Start of Data extract
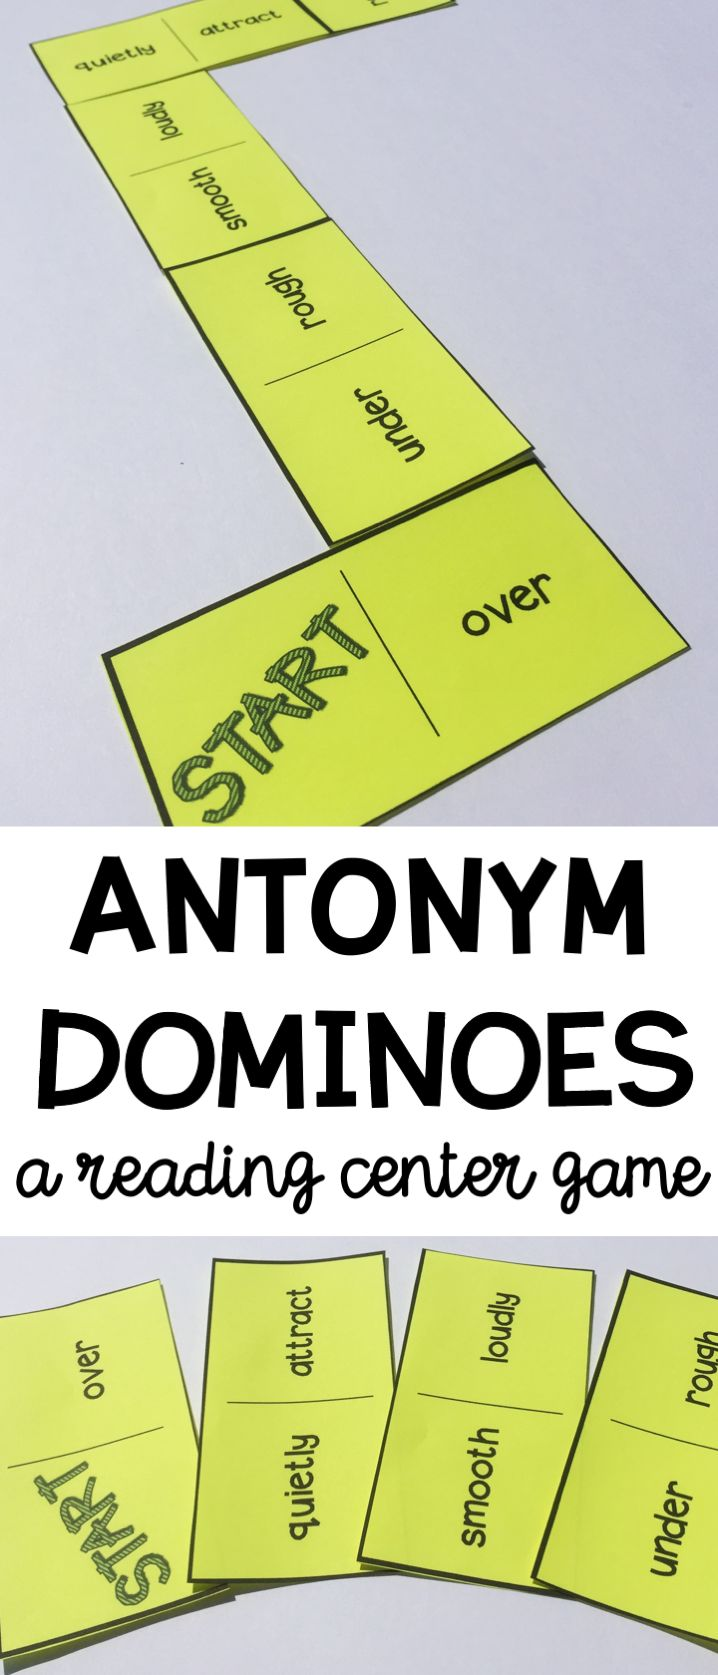 Antonym Dominoes
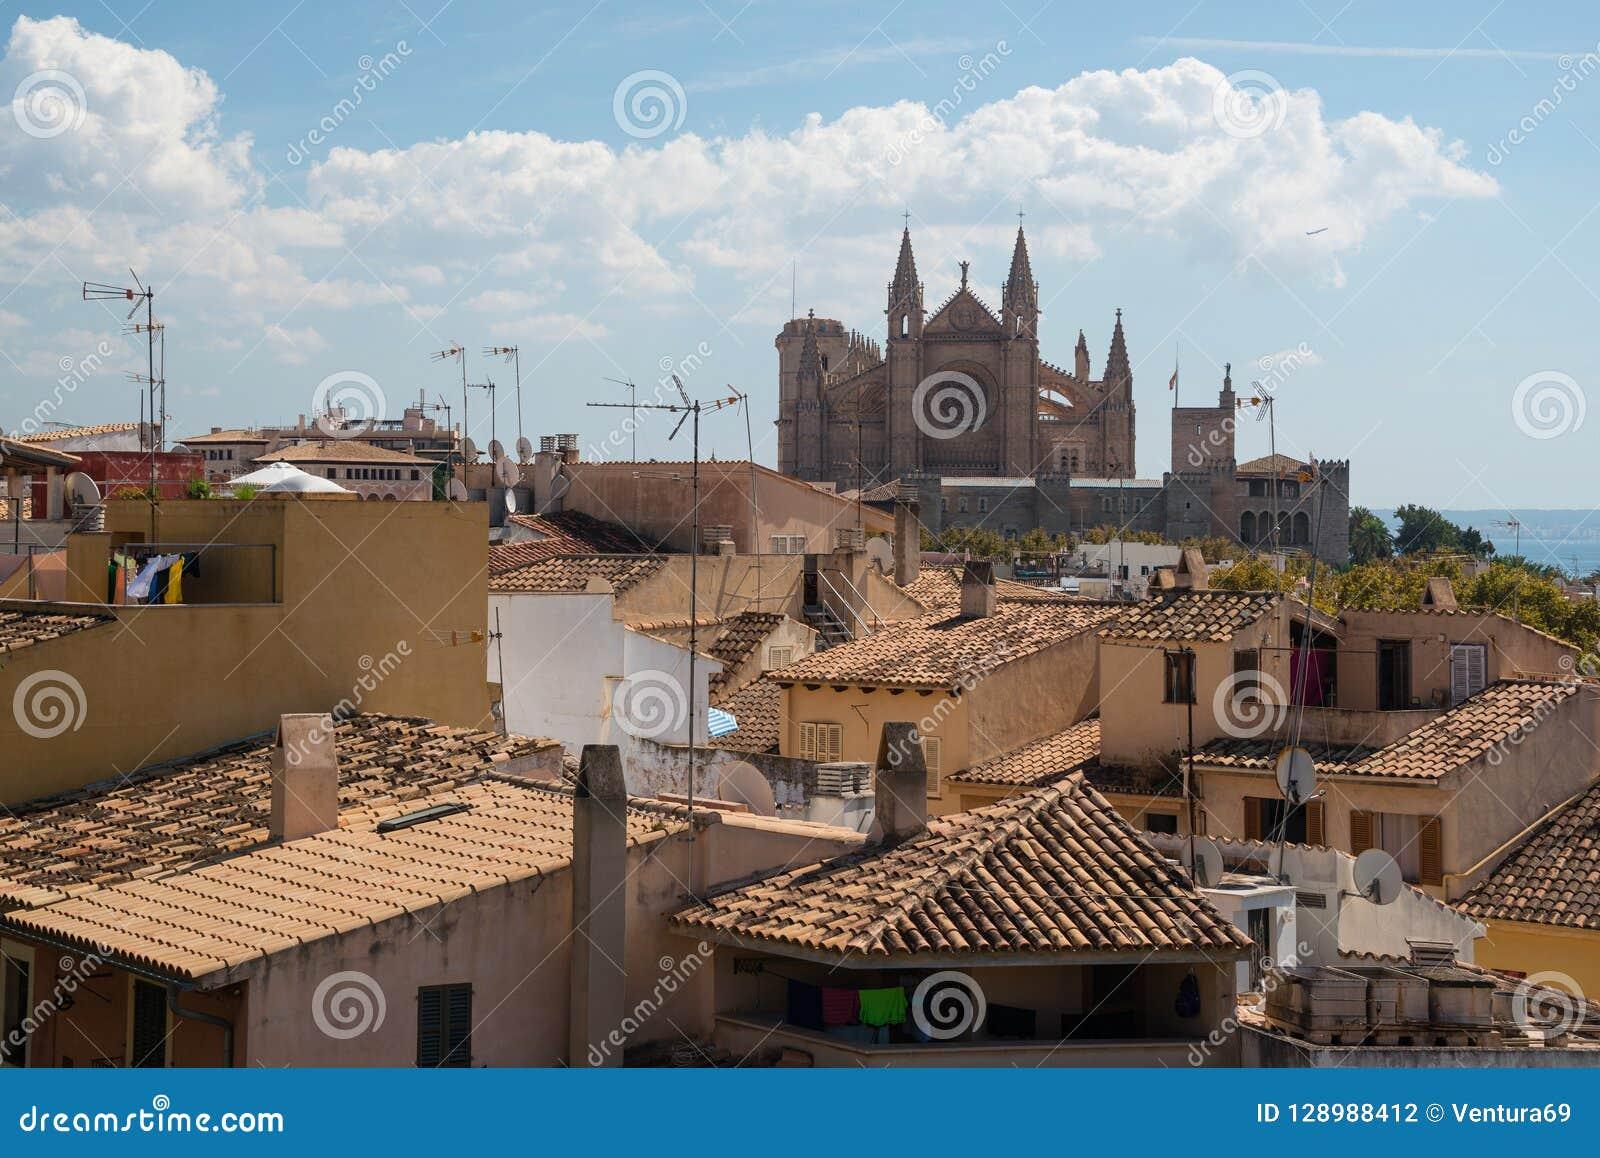 Berömd gotisk domkyrkaLa Seu, Palma de Mallorca, Spanien
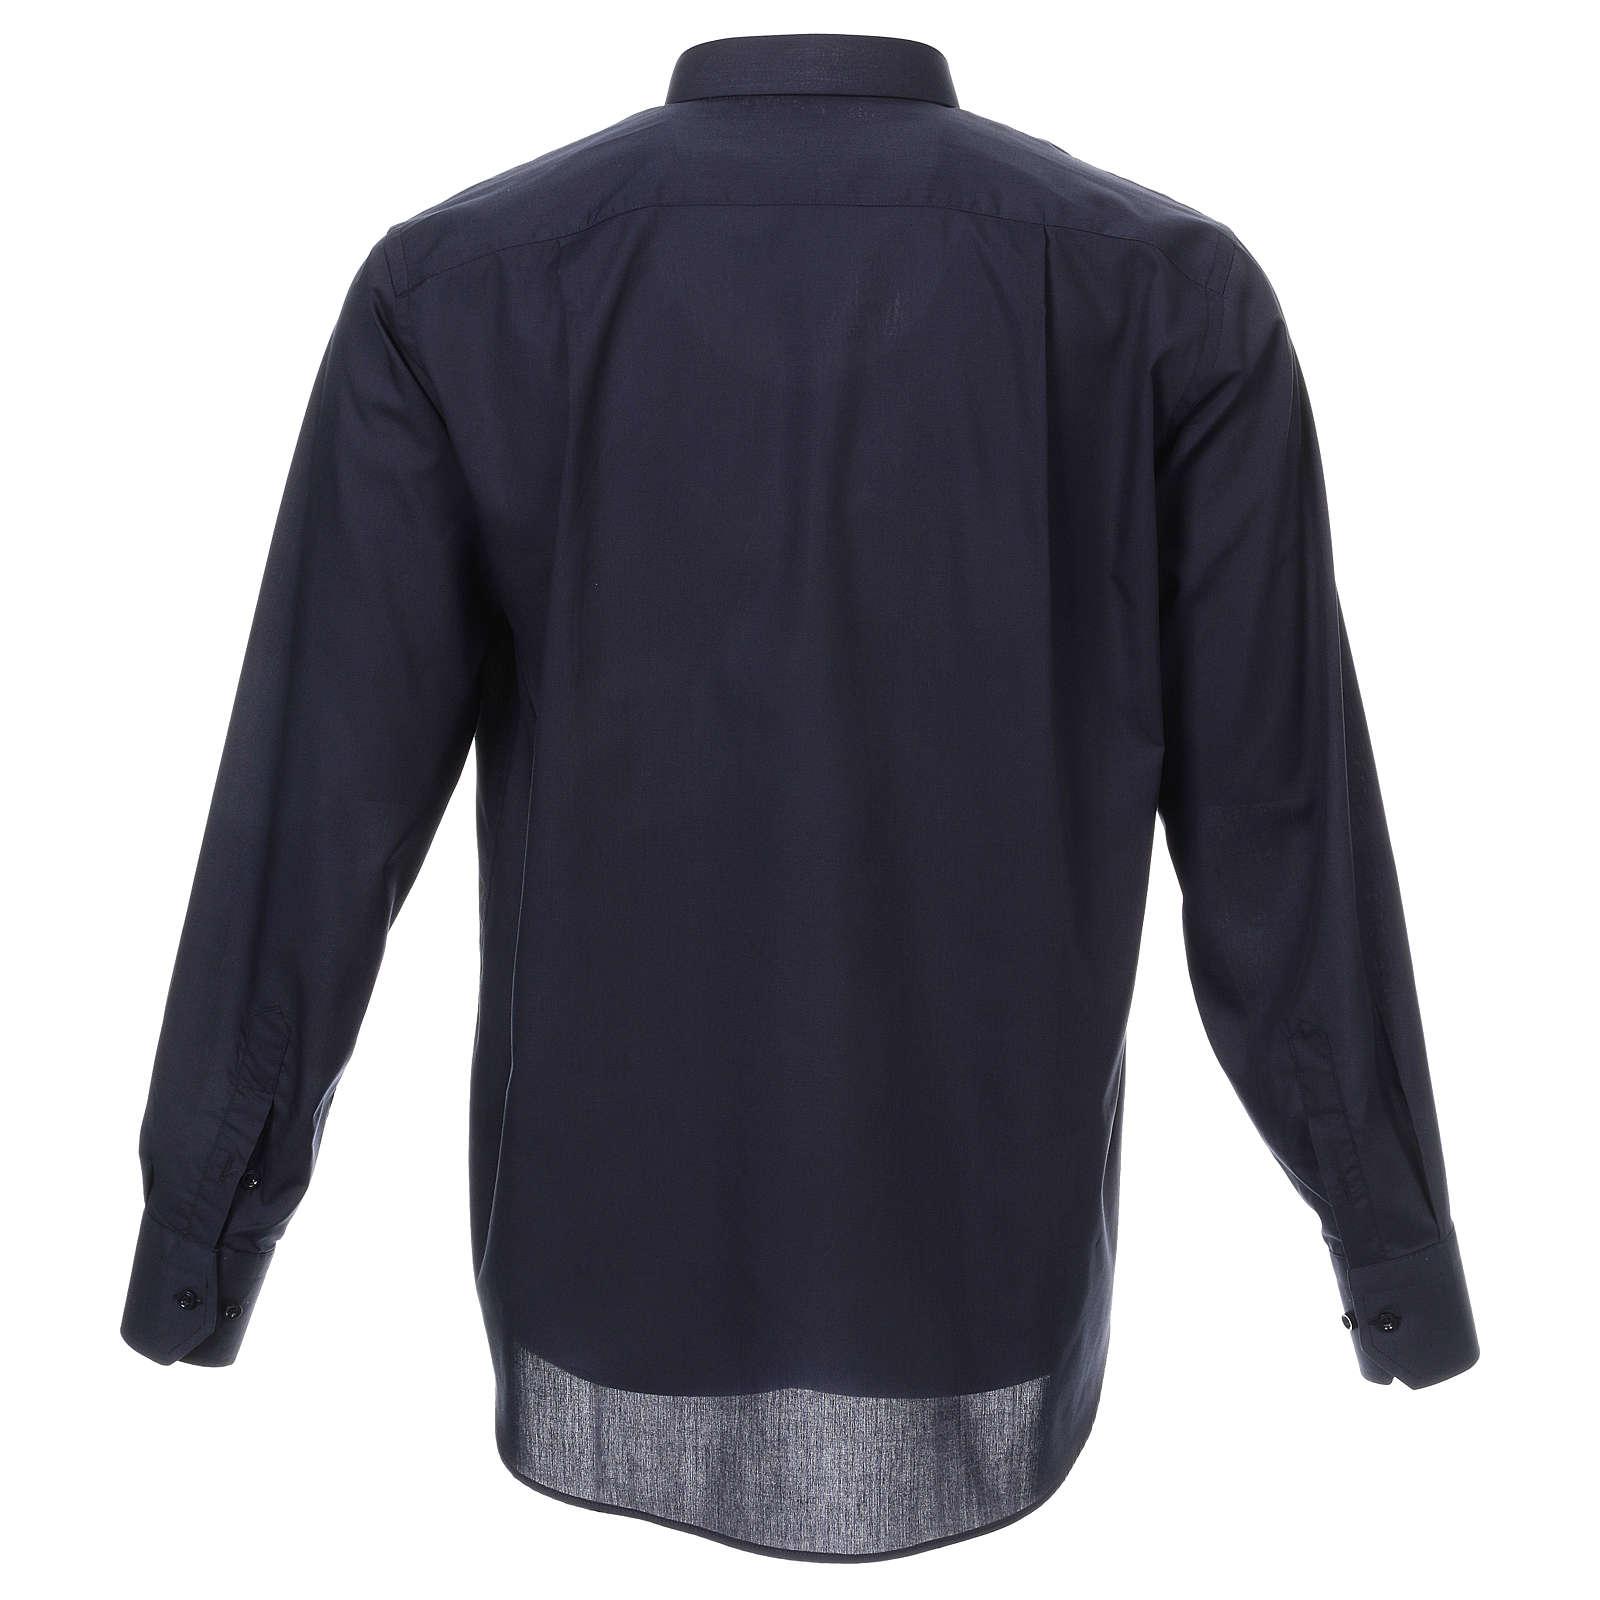 Koszula rzymska kapłańska Granatowa jednolity kolor Długi Rękaw 4
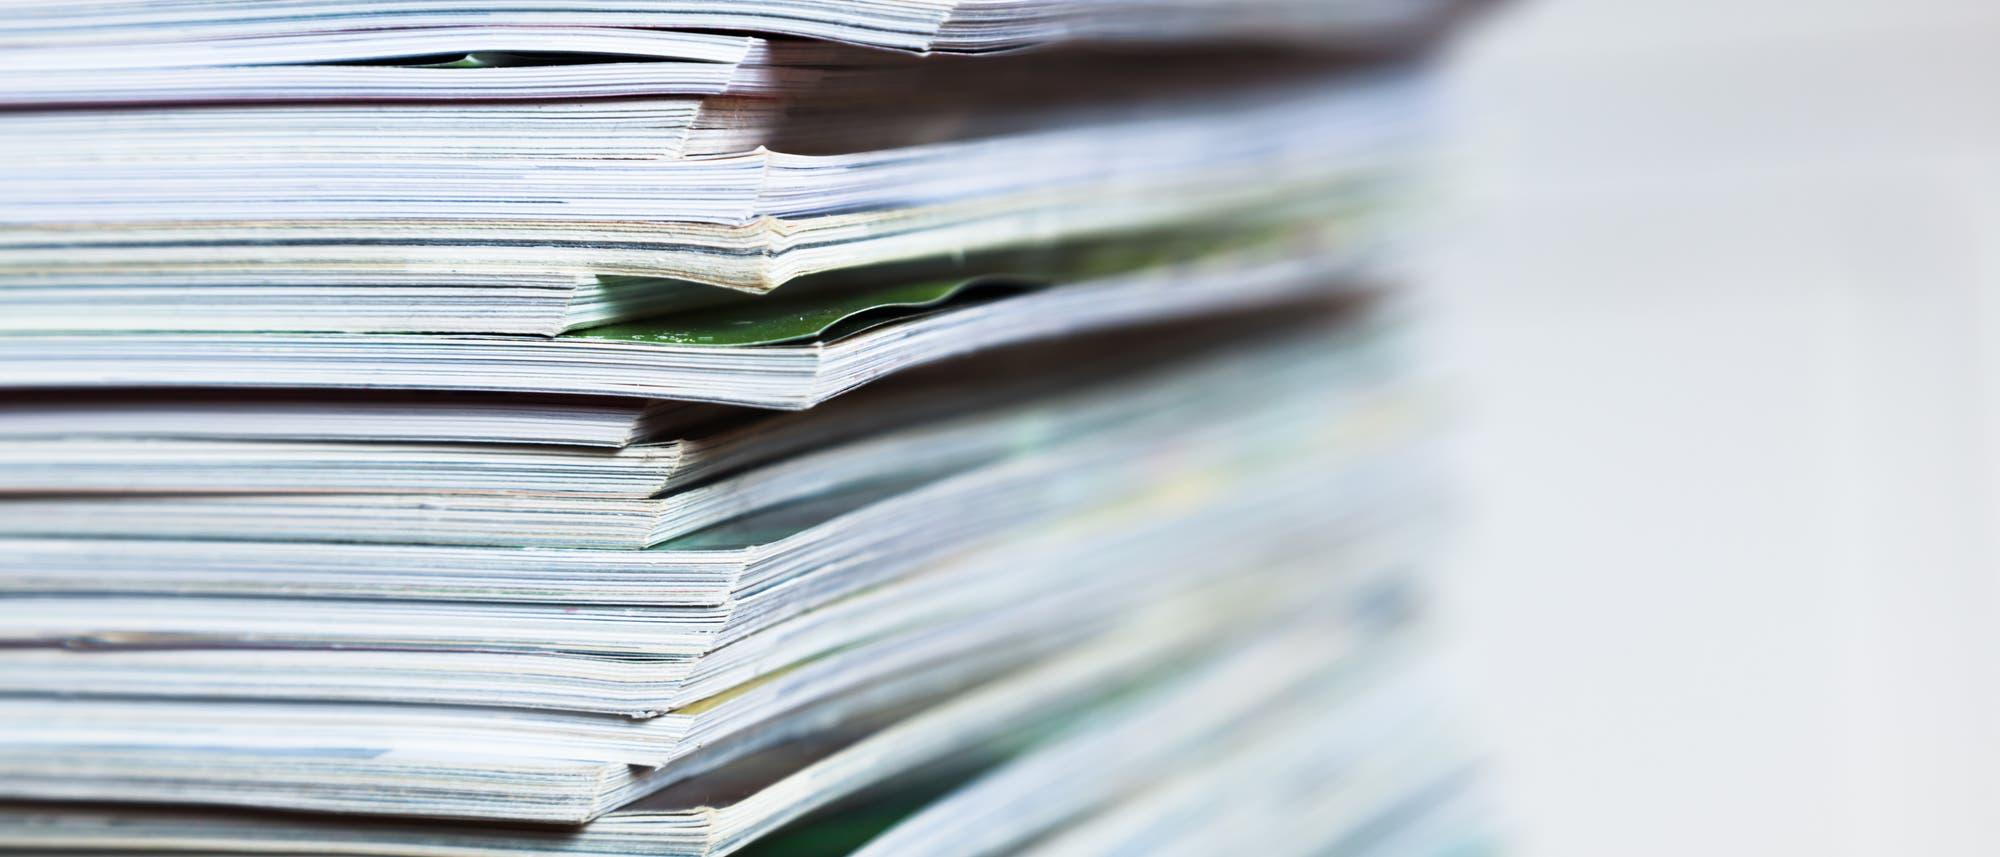 Ein Stapel von Fachzeitschriften
End of Data extract
#### Exercise objective:
Copy out the whole listing exactly. Skip its pictures.

#### Task answer:
 Antonym Dominoes
 Berömd gotisk domkyrkaLa Seu, Palma de Mallorca, Spanien
 Koszula rzymska kapłańska Granatowa jednolity kolor Długi Rękaw 4
 Ein Stapel von Fachzeitschriften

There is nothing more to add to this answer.